__WHAT YOU WILL DO__:
Print the listing below word for word, but drop any pictures it contains.

__EXERCISE DATA__:
○ ○ ○ ○

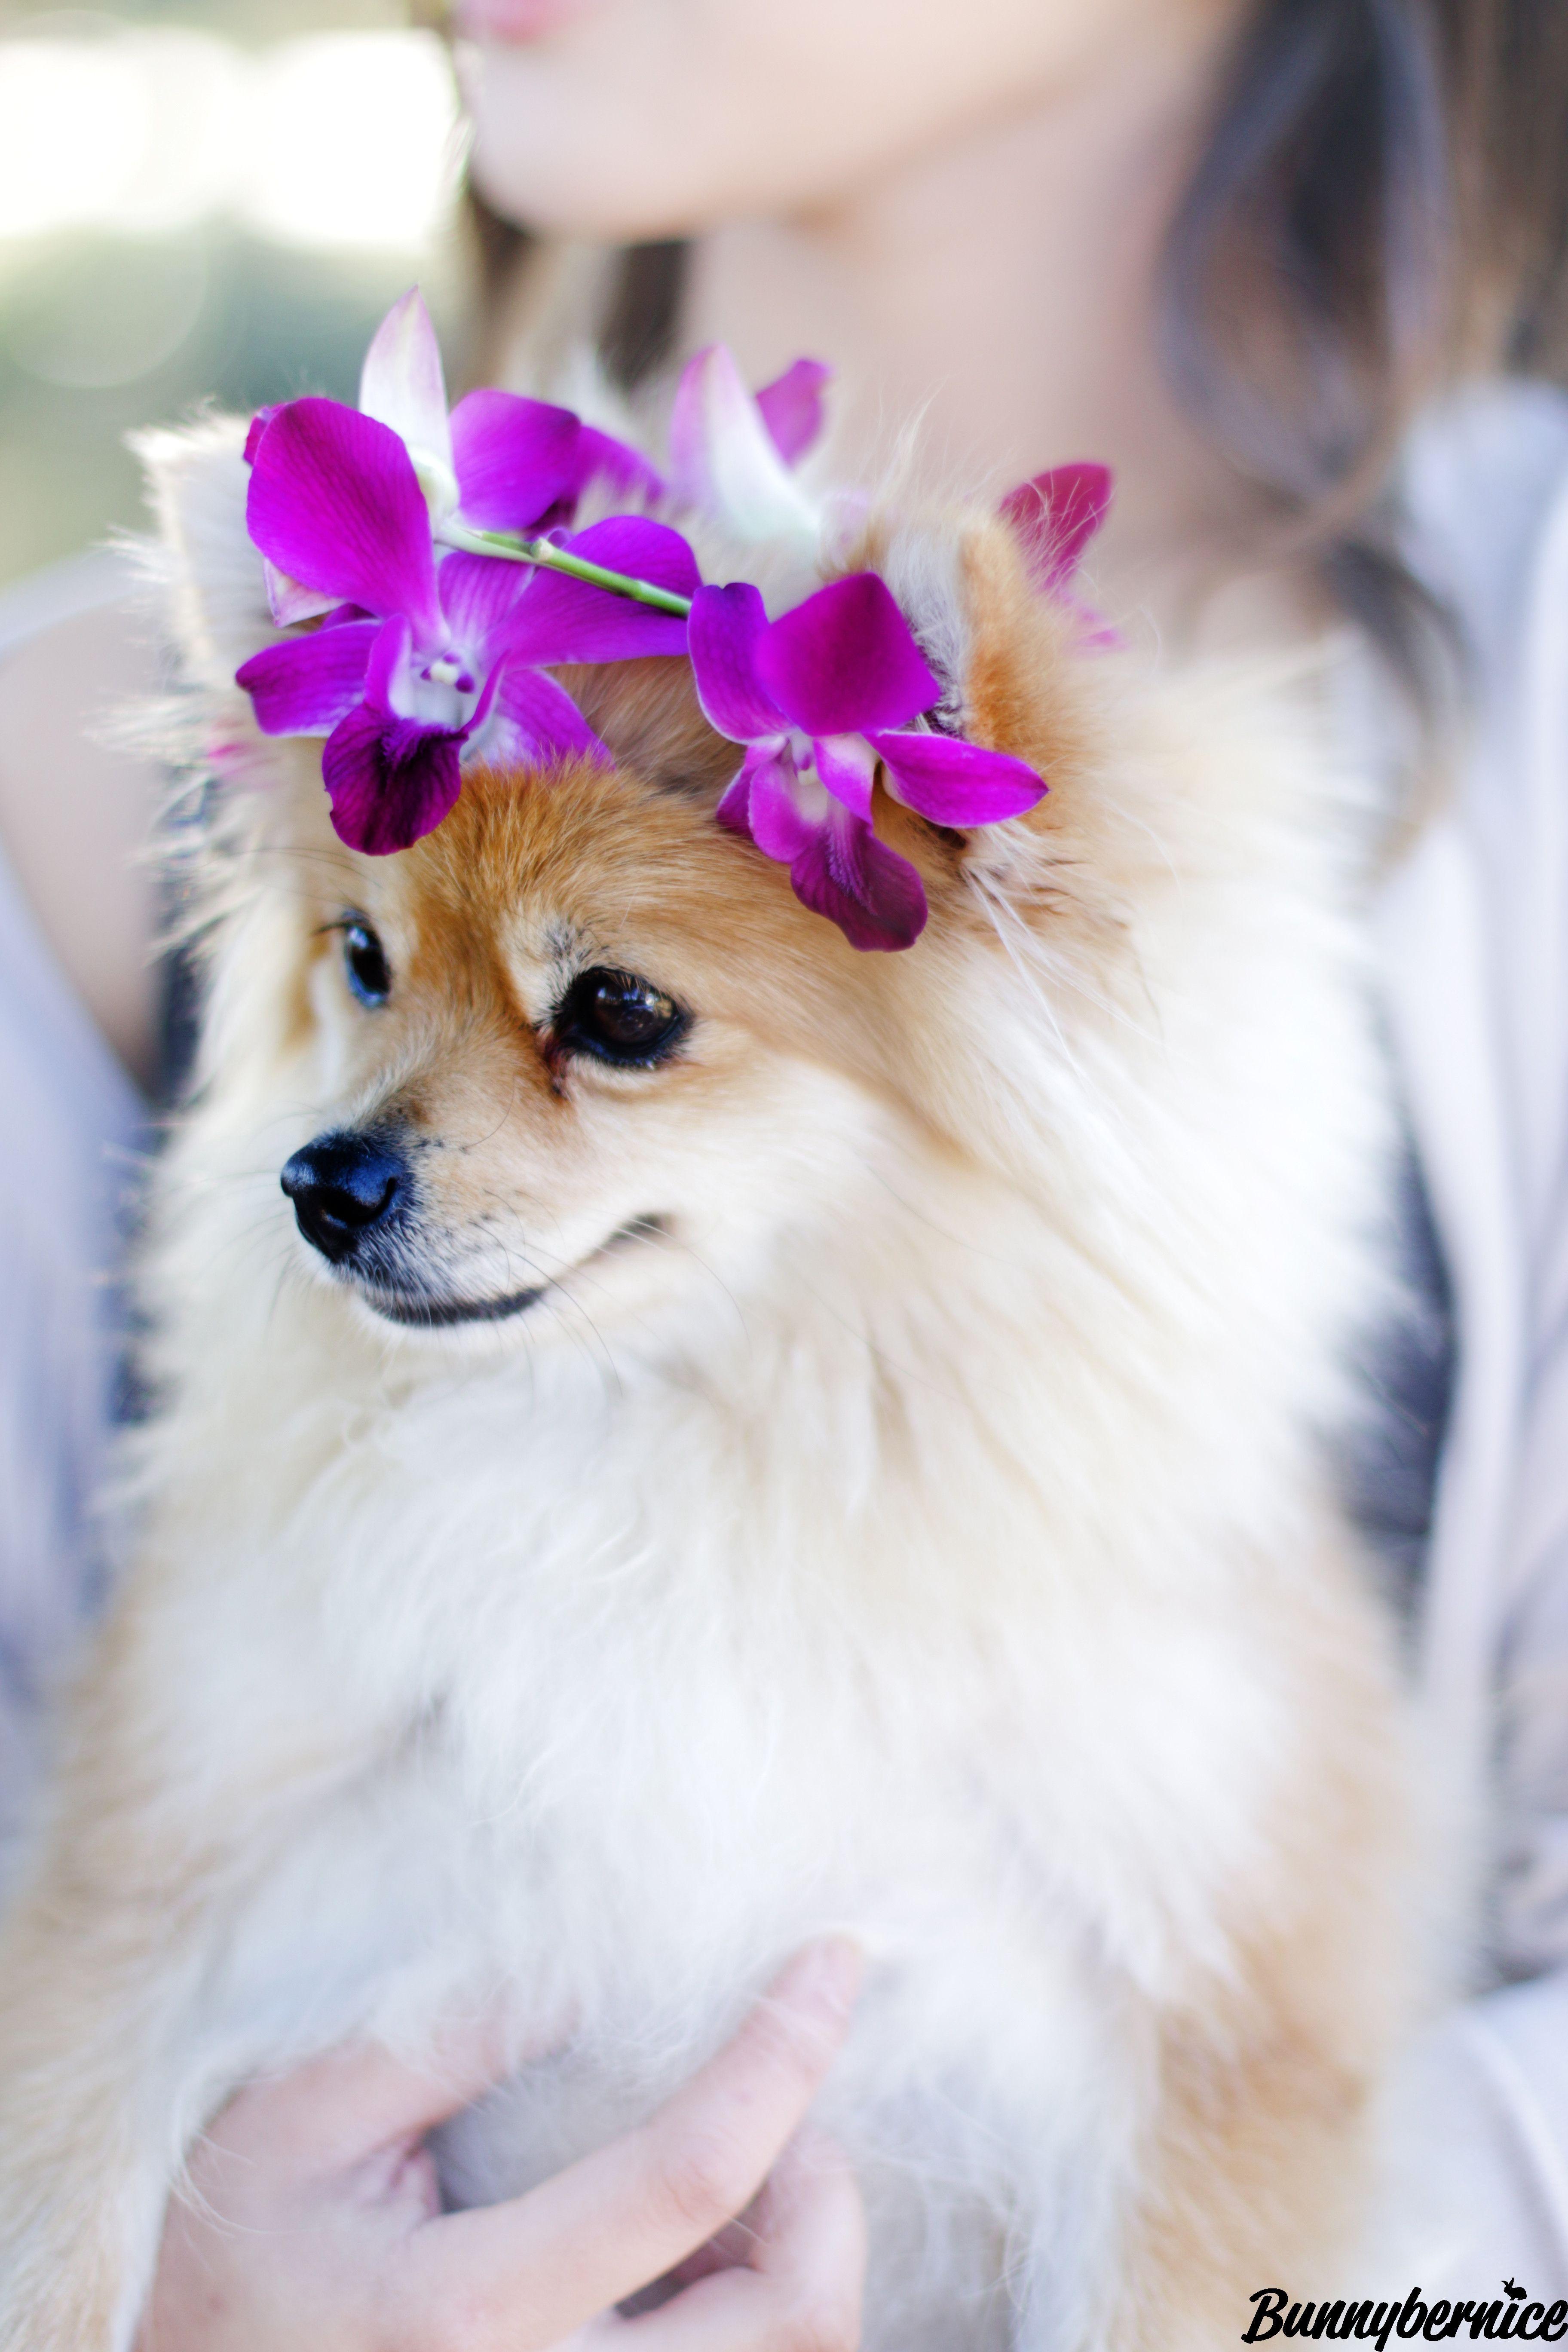 Took my Pomeranian flower child to the dog park | fur babies ...
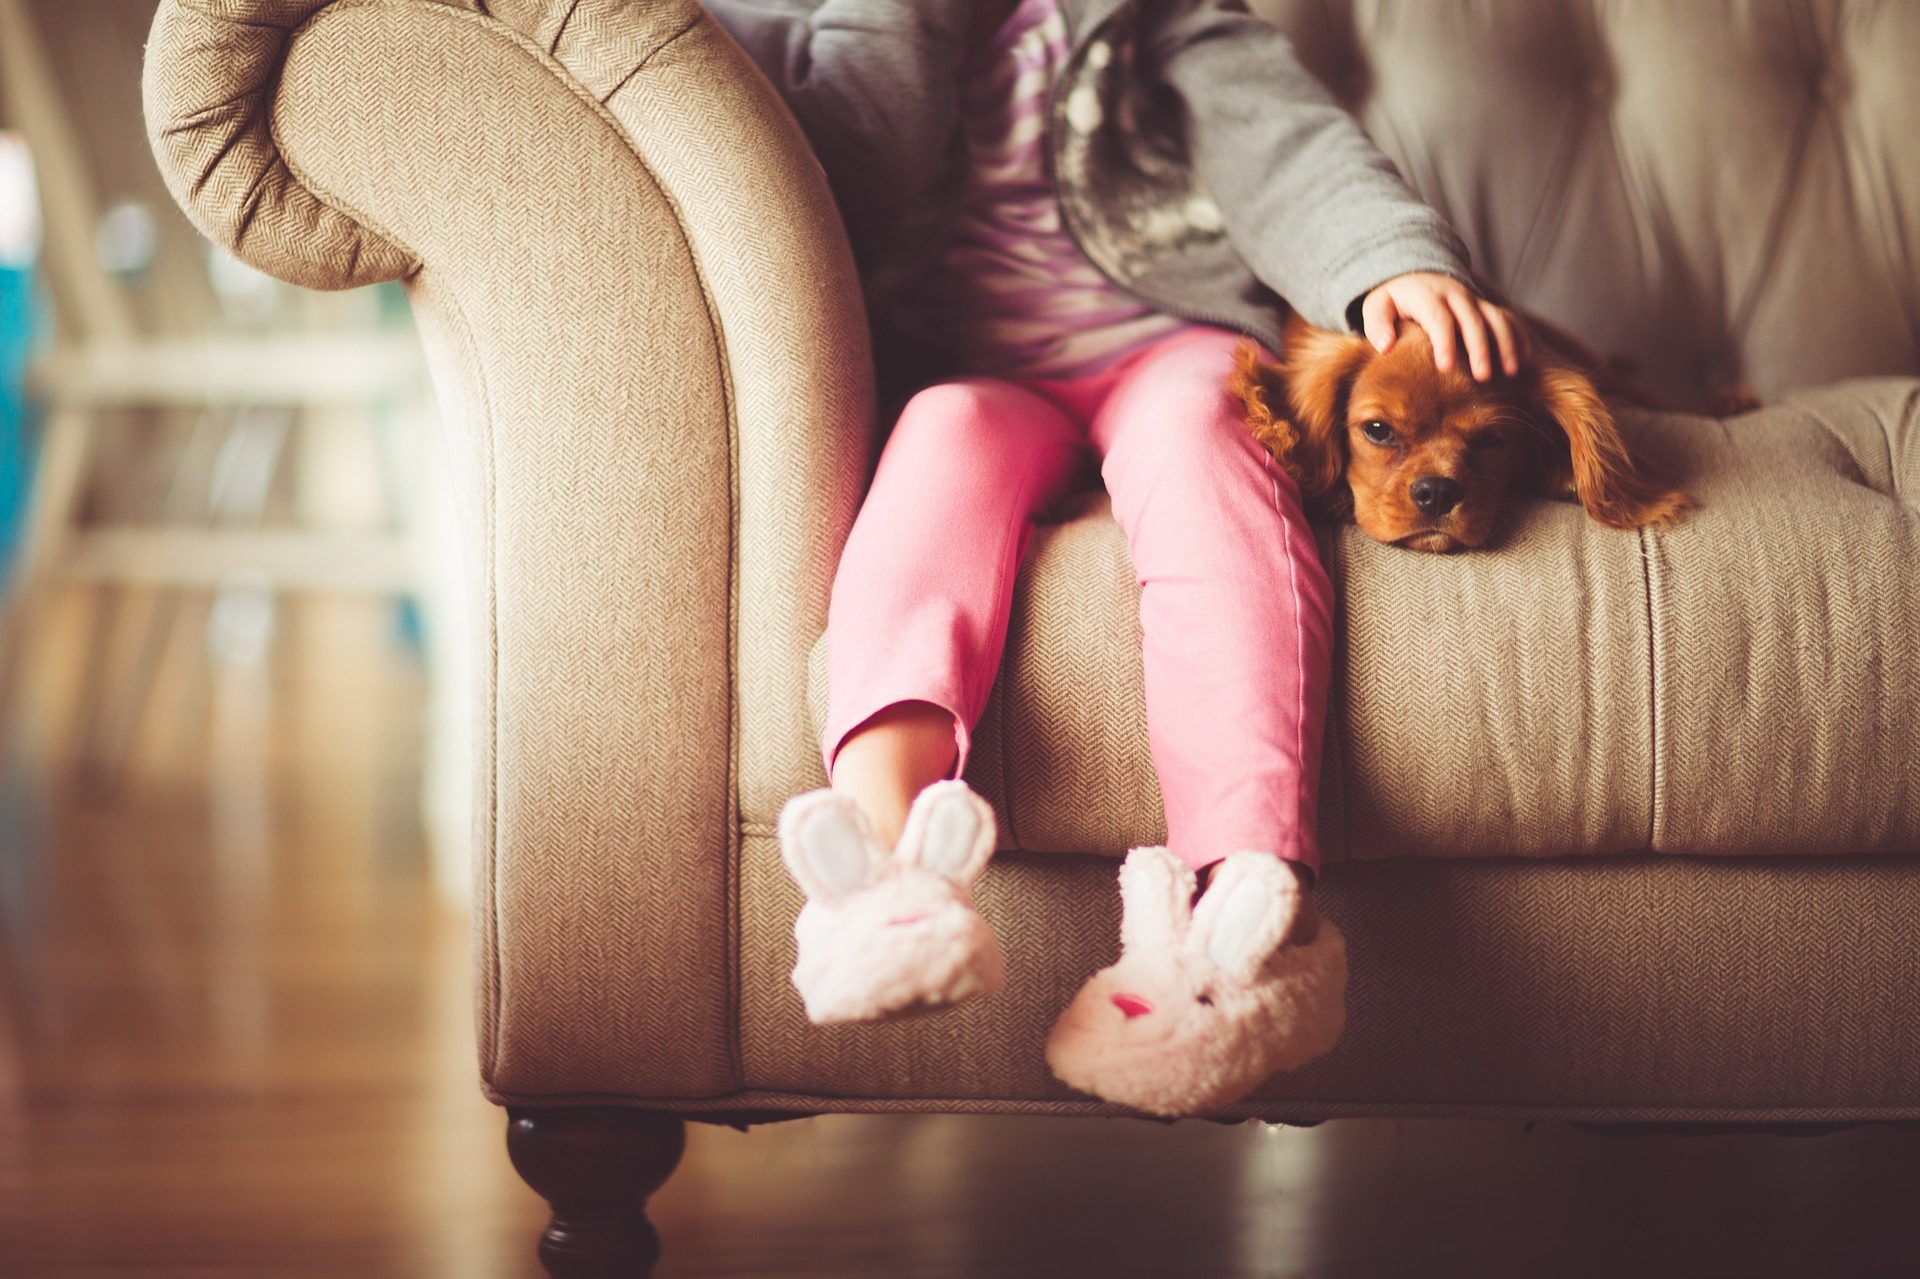 niña, cachorro, mascota, perro, sofá, zapatillas - Fondos de Pantalla HD - professor-falken.com
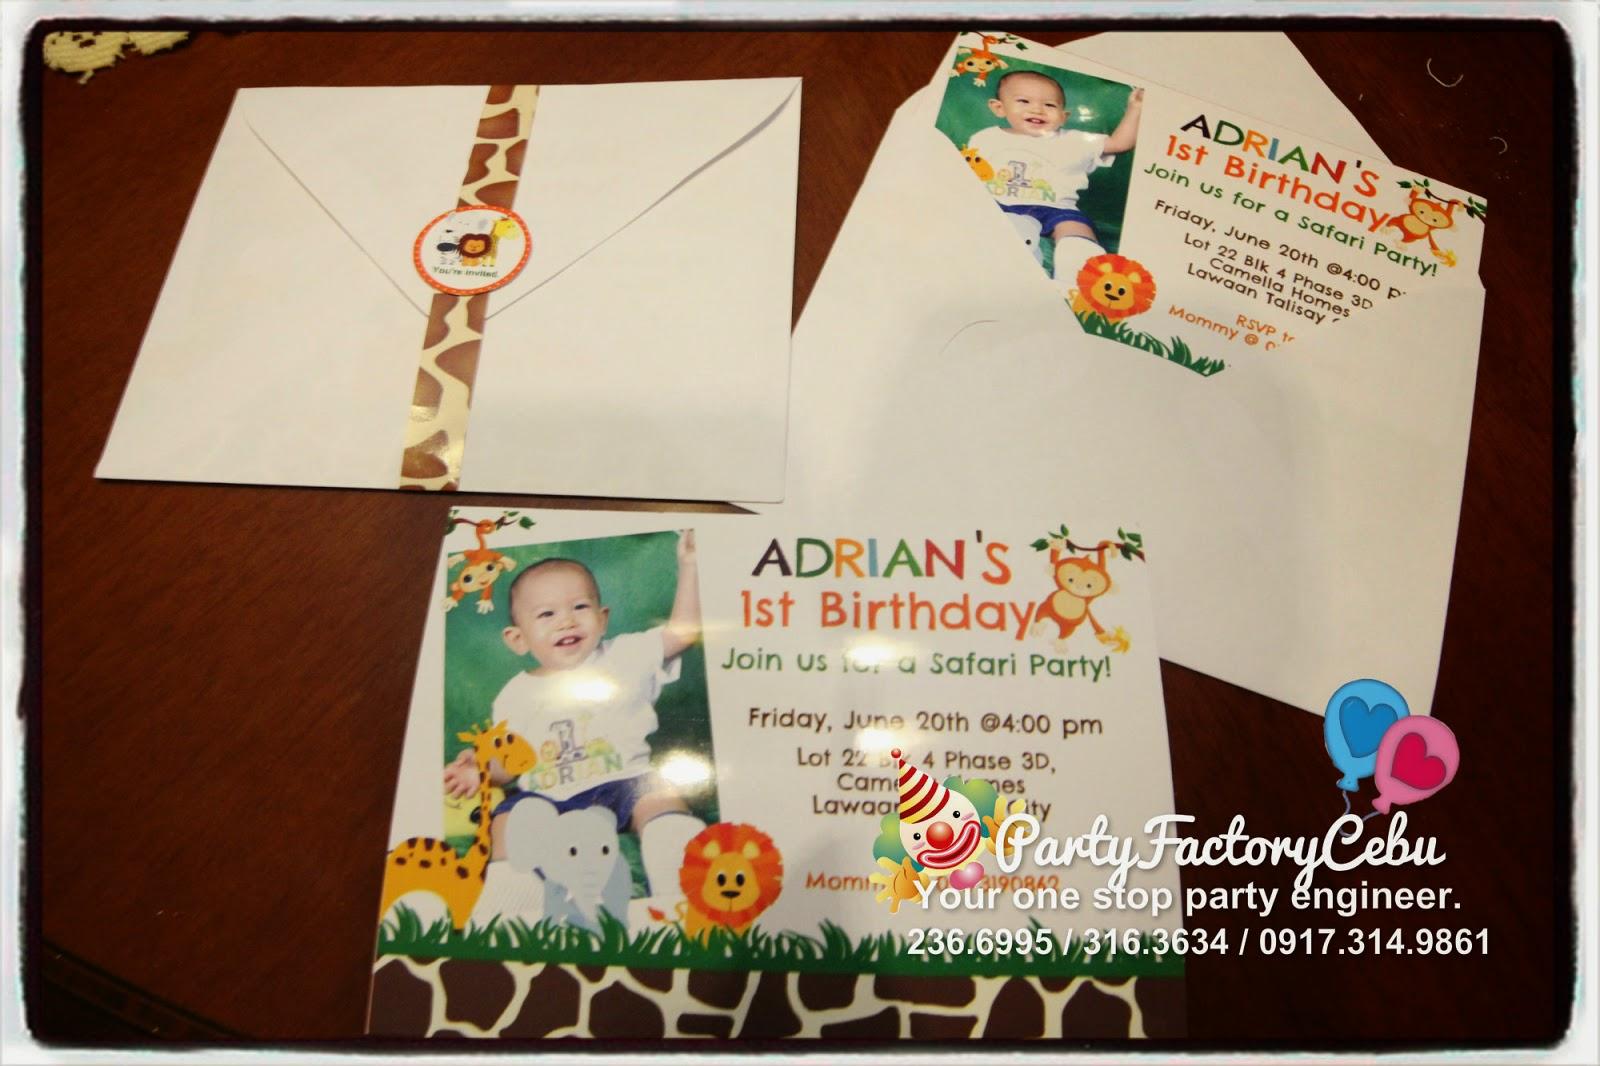 Welcome to PartyFactory Cebu: Adrian Josh\'s 1st safari Birthday party

○ ○ ○ ○

__RESPONSE BELOW__:
 Took my Pomeranian flower child to the dog park | fur babies ...
 niña, cachorro, mascota, perro, sofá, zapatillas - Fondos de Pantalla HD - professor-falken.com
 Welcome to PartyFactory Cebu: Adrian Josh\'s 1st safari Birthday party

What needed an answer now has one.